Bonus tip: if possible, do your workout before you eat. This way you will be exercising in a fasted state, and since you’re in ketosis, you will therefore burn more stored fat.
Here’s a sample starter workout. You can use Google to see detailed descriptions and videos of these movements. Alternate from day to day: do lower body one day, then upper body the next, and repeat. Take at least one day off per week.
Lower body
- Body weight squats. If your knees bother you, don’t squat as low. There are many variations of the basic squat move, like the sumo squat, which may be easier or harder, depending on your knees.
- Straight-leg deadlifts. Use very light weights when you start. I started this with 10 lb. dumbbells and I could barely move the next day!
- Calf raises (body weight to start)
- Crunches
Upper body
- Rowing machine or bent-over row (dumbbell or barbell); or lat pulldowns.
- Bench press or pushup.

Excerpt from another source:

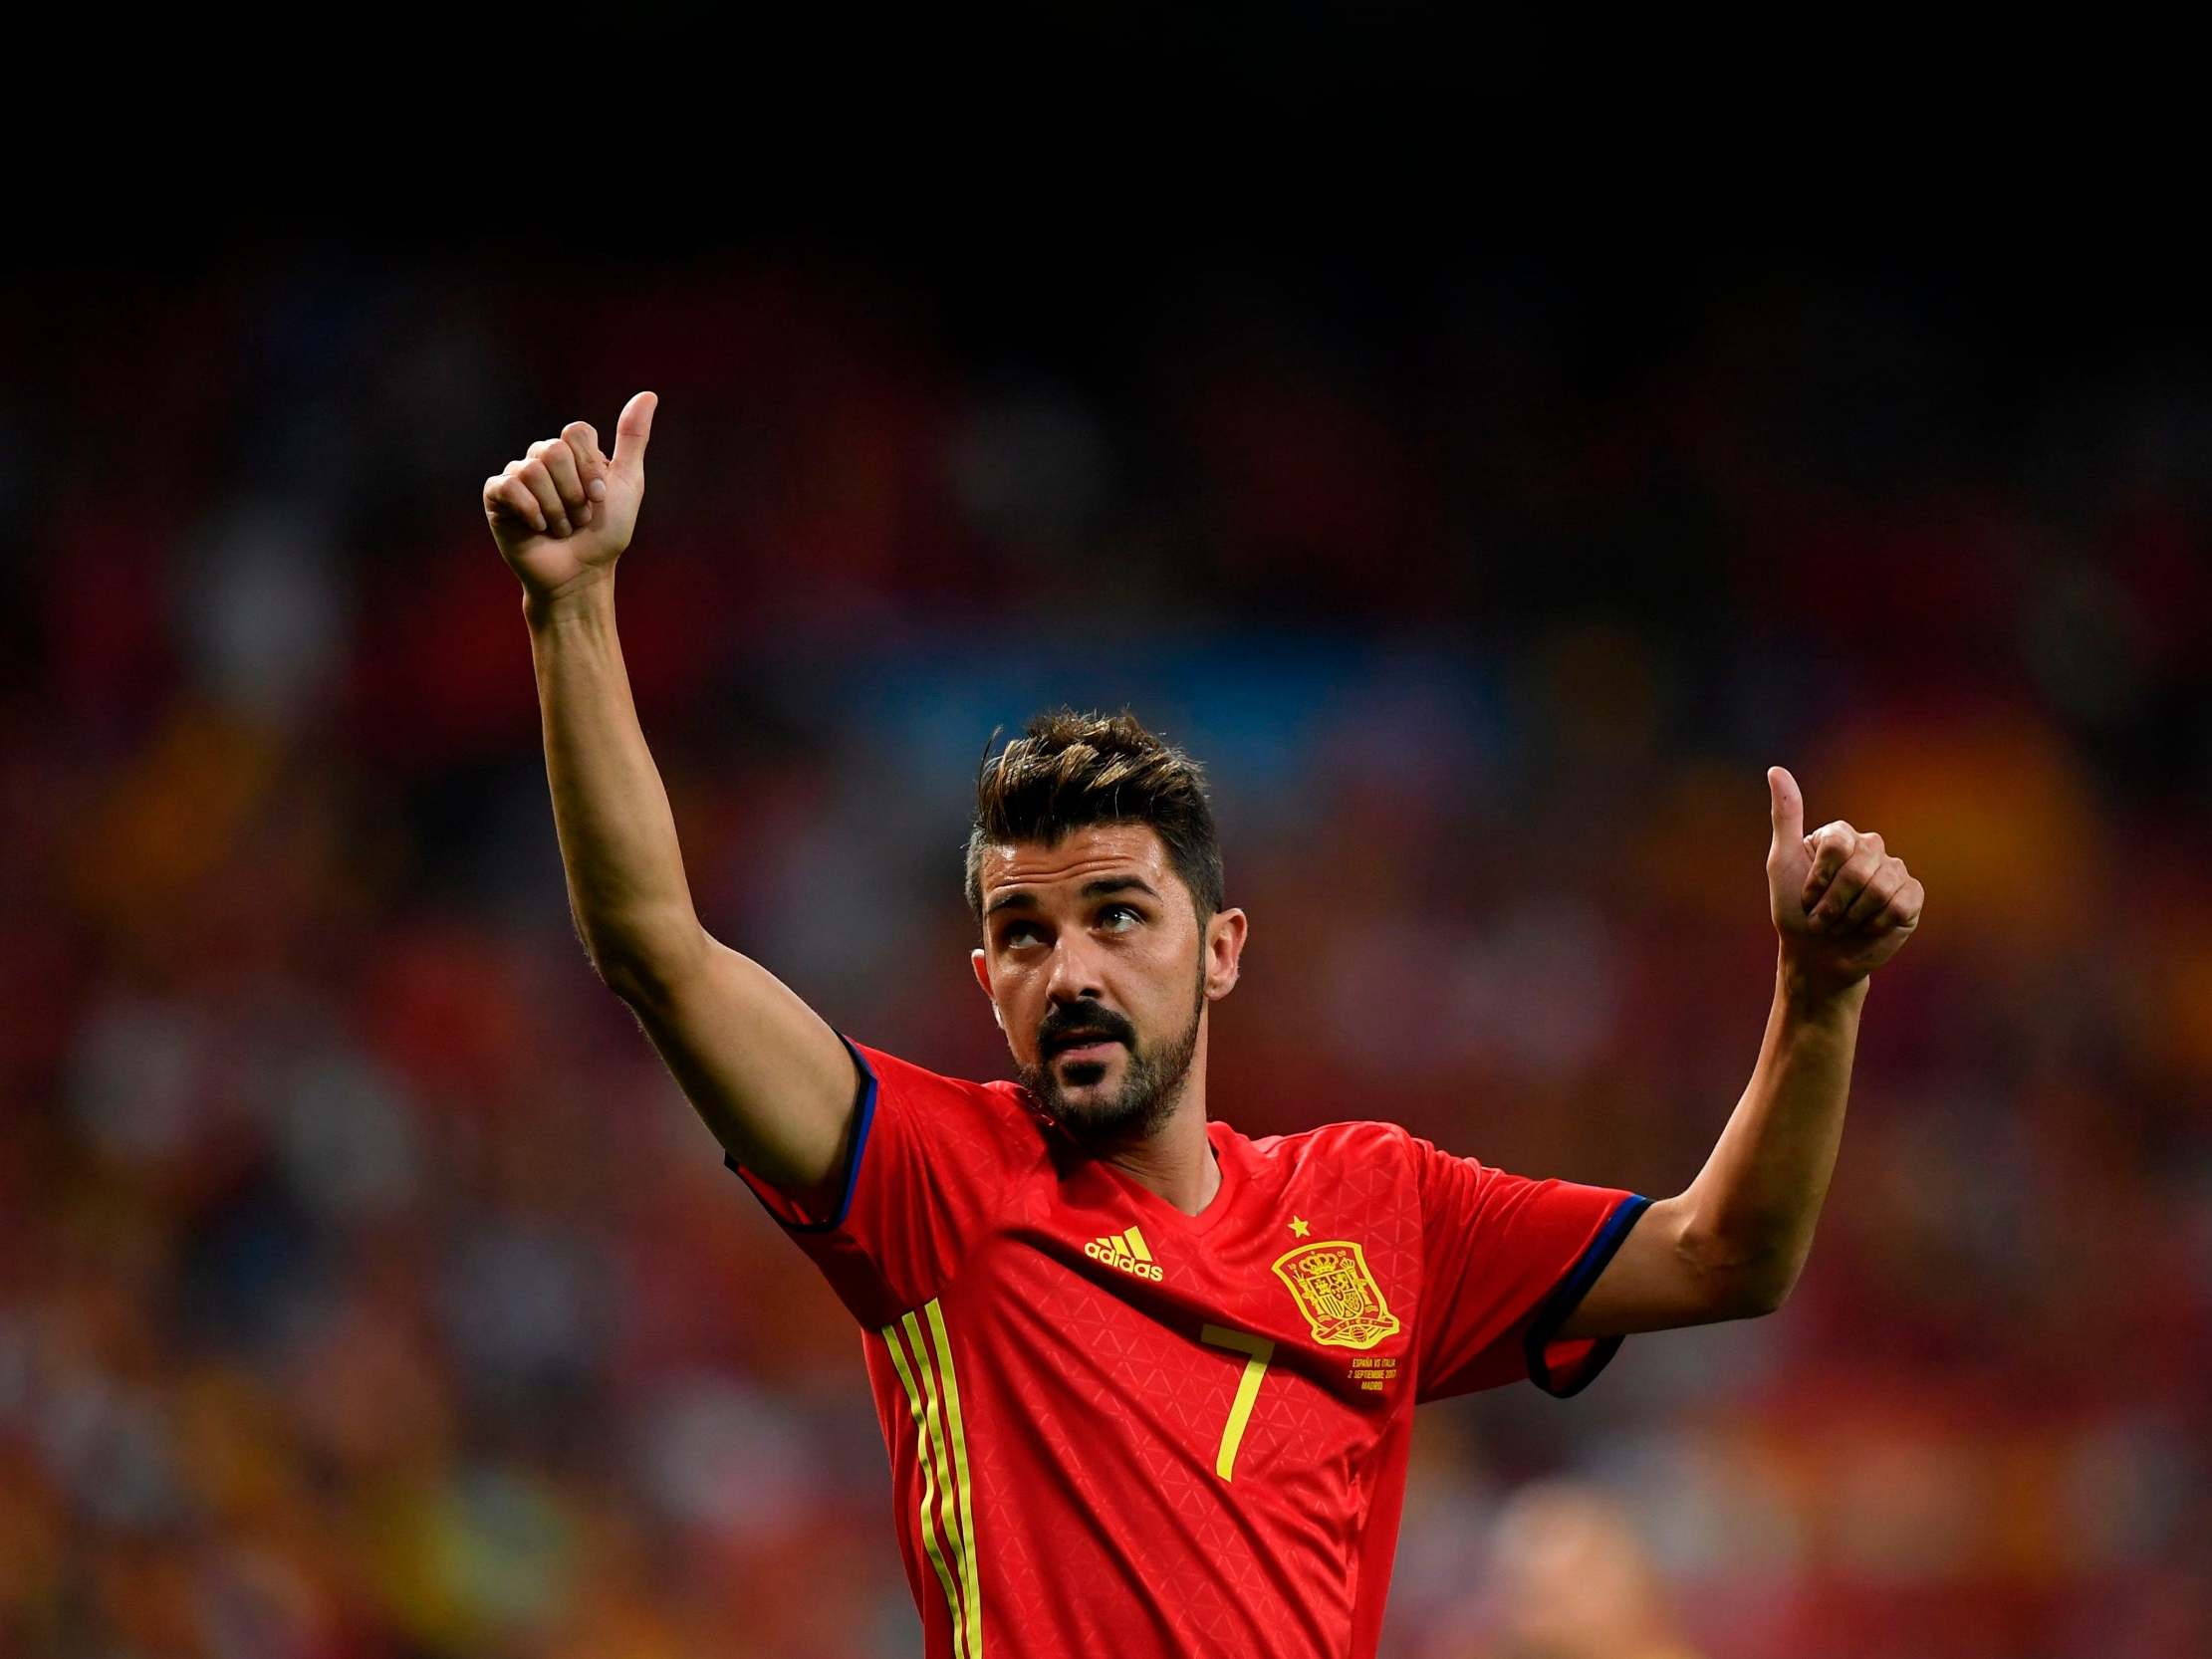 David Villa will retire as one of the great goalscorers

If pushups are too difficult starting out, try doing a pushup with your knees on the floor, instead of your toes. Pushups are great because they engage the entire front of your body, especially your abs.
- Shoulder press
- Bicep curls
- Tricep extensions
There are many variations of the exercises I listed above. Pick one and stick with it for at least two weeks. Try other variations, such as: switching from a machine shoulder press to dumbbells; changing your grip on the bar, and so on. This sample workout covers all the muscles in your body. Notice how the exercises start with large muscles or multiple muscle groups (like your back and arms for rowing and pulldowns, or your legs and lower back for squats); and then progress to smaller muscles (like squats or calf raises)
Remember to drink lots of water and get as much sleep as you can. You may also want to increase the amount of protein you consume, but only slightly, as too much protein can knock you out of ketosis.